Search code examples
prefect

Prefect docker agent failing to update flow status after execution


Summary

I am trying to understand Prefect docker agents. To do so, I am trying to configure a minimal set up on my local machine. I have managed to get the docker agent to connect to the local server and it looks like it's running the flow. However, it seems that, after the flow is finished, the agent is unable to update the flow's state at the server because it cannot connect to the server back end.

Detail

Here is my flow:

import prefect
from prefect import task, Flow
from prefect.run_configs import DockerRun

@task
def say_hello():
    logger = prefect.context.get("logger")
    logger.info("Hello, docker!")

with Flow("docker-hello-flow") as flow:
    flow.run_config = DockerRun()
    say_hello()

# Register the flow under the "tutorial" project
flow.register(project_name="tutorial")

I configure back end to use a local core server:

prefect backend server

I then start the server:

prefect server start -d

I connect to the server UI on localhost:8080 and confirm that it's running.

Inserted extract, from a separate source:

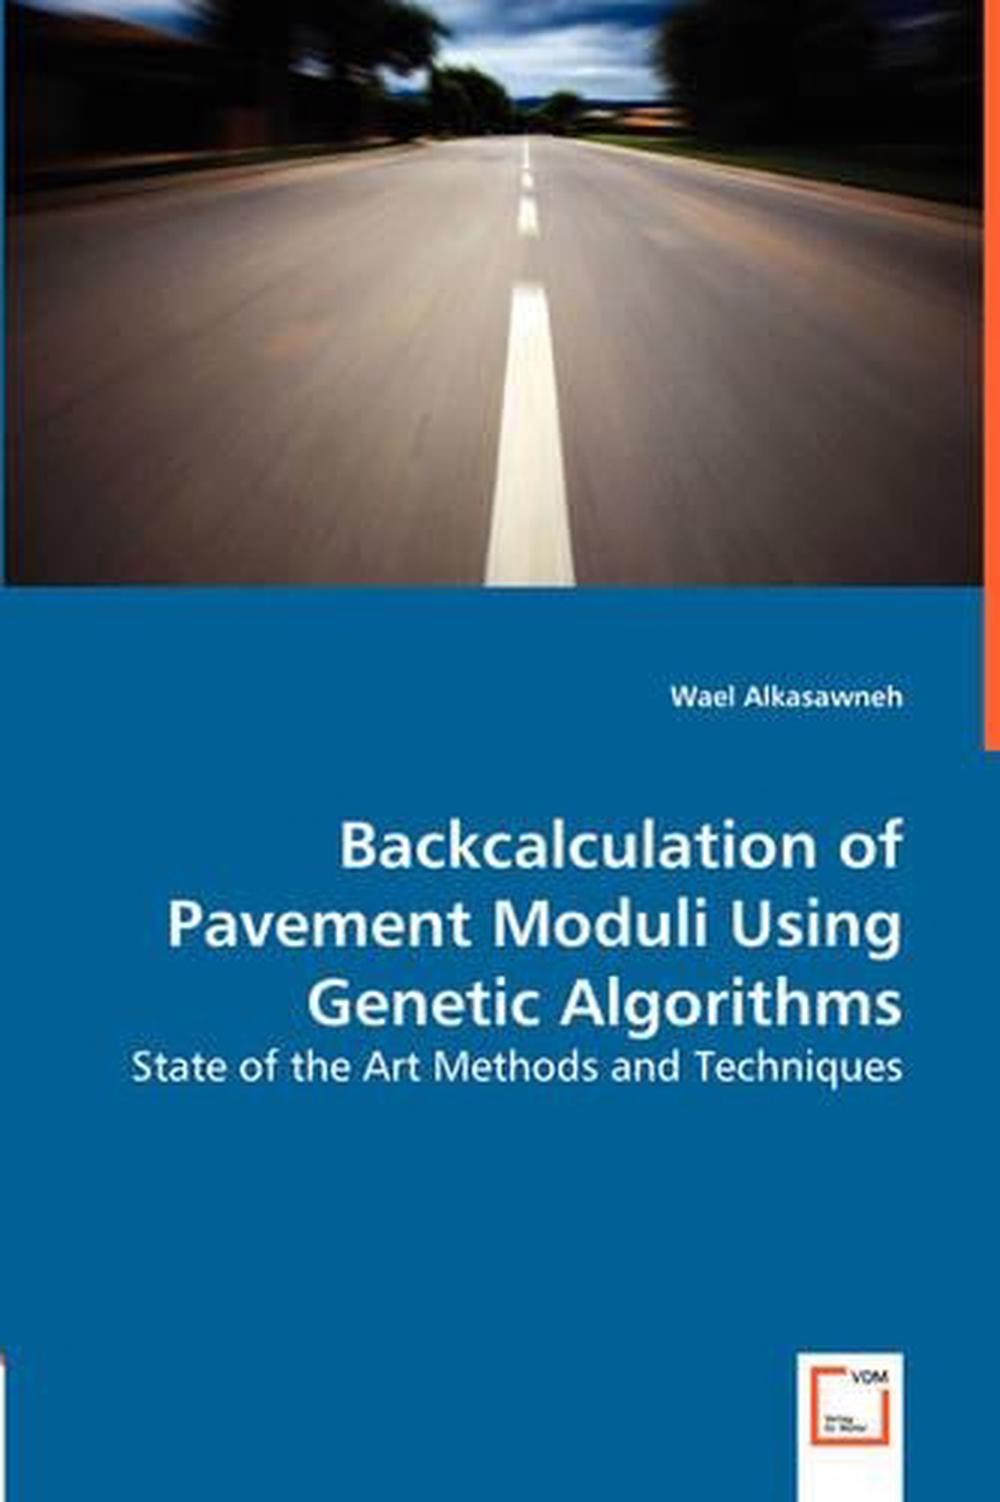 pavement backcalculation modulus

In the UI, I create the project tutorial.

I then register the flow:

:; python src/hello_docker.py 
Flow URL: http://localhost:8080/default/flow/fea8211e-c243-40c8-a01e-f63ab2afcc77
 └── ID: 0a7a6cc4-1e7b-4e71-a900-90dffb4362a9
 └── Project: tutorial
 └── Labels: ['parami']

I then confirm that the flow appears in the UI as expected. Note that my machine name is parami hence the label parami.

I then start a local docker agent specifying the label parami.

:; prefect agent docker start -l parami --log-level DEBUG --show-flow-logs

I then run the flow via the UI. The flow run is called enigmatic-axolotl.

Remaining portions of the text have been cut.